We can use a scree plot to see that more than 80% of the variance is explained by the first two principle components. That means that we can preserve over 80% of the difference in athletic ability while simplifying the multi-dimensional data down to just two dimensions.
## change timed tests to negative so that arrows and positive loadings indicate the
## direction of superior performance
CFL_2022_Combine_No_Missing_Entries$Forty <- CFL_2022_Combine_No_Missing_Entries$Forty * (-1)
CFL_2022_Combine_No_Missing_Entries$Shuttle <- CFL_2022_Combine_No_Missing_Entries$Shuttle *
(-1)
CFL_2022_Combine_No_Missing_Entries$Cones <- CFL_2022_Combine_No_Missing_Entries$Cones * (-1)
## CFL_Data <- data.matrix(CFL_2022_Combine)
library(stats)
library(FactoMineR)
library(ggplot2)
library(factoextra)
## Welcome! Want to learn more?
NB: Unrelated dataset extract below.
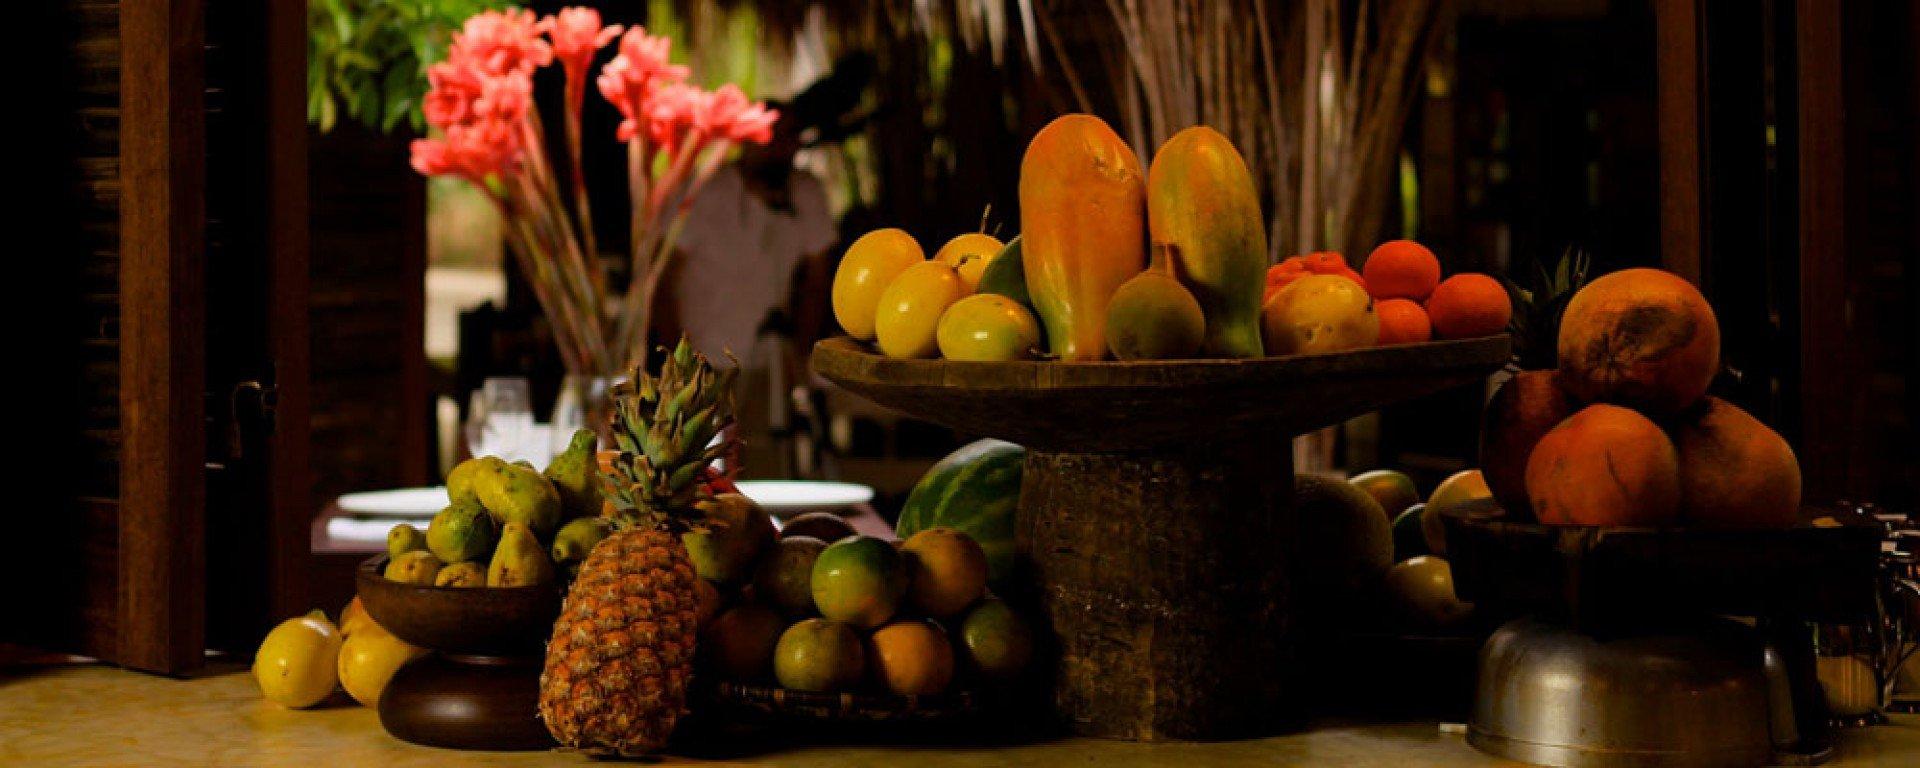 Merecumbe hotel fruit station

See two factoextra-related books at https://goo.gl/ve3WBa
pca <- prcomp(na.pass(data.matrix(CFL_2022_Combine_No_Missing_Entries)[, 3:10]), scale = TRUE)
pca_summary <- summary(pca)
percent_of_pc_1 <- pca_summary$importance[2, 1]
percent_of_pc_2 <- pca_summary$importance[2, 2]
fviz_eig(pca, addlabels = TRUE, main = "Scree Plot: CFL 2022 Combine Principle Components")
Given that we explain nearly 83% of the variance with two PCs, we can construct a biplot using the first PC as the horizontal axis, the second PC as the vertical axis, and an arrow for each of the variables from the origin that represent an axis onto which the data points can be projected.
fviz_pca_biplot(pca, label = "var", habillage = CFL_2022_Combine_No_Missing_Entries$Pos, repel = TRUE,
col.var = "slategrey", title = "title", geom = "point") + labs(title = "Biplot: 2022 CFL Combine Athelete Performance",
subtitle = "") + xlab(paste("PC1 (", percent_of_pc_1 * 100, "%)")) + ylab(paste("PC2 (",
percent_of_pc_2 * 100, "%)")) + scale_shape_manual(values = c(15, 16, 17, 18, 13, 10, 1,
6)) + theme(panel.background = element_rect(fill = "snow"))
## Scale for shape is already present.
## Adding another scale for shape, which will replace the existing scale.
An interesting pattern emerges when we group the data points by player position. We see that positions tend to cluster around correlated variables. We also see that the points that project the most onto height and weight are almost exclusively players on the offensive line, this makes sense since that position’s role is to protect the quarterback from the opposing team’s defensive line by forming a wall (pocket) around him. We also see that the points that project the most onto the bench press are players on the defensive line, this makes sense since that position’s role is to create openings in the opposing team’s offensive line, which as previously noted is made up of the largest players on the field, and to block the offence from running the ball downfield. Finally, we see that the points that project the most onto the running and jumping drills are made up of the defensive backs, this also makes sense since this position’s role is to provide downfield coverage of the opposing teams receivers and potentially jump to catch an interception.
Thus, we see that the 2022 (or any year) CFL Combine results can be faithfully summarized in a two-dimensional plot that is both intuitive and retains nearly 83% of the variance in athletic performance. This suggests that the project is a success.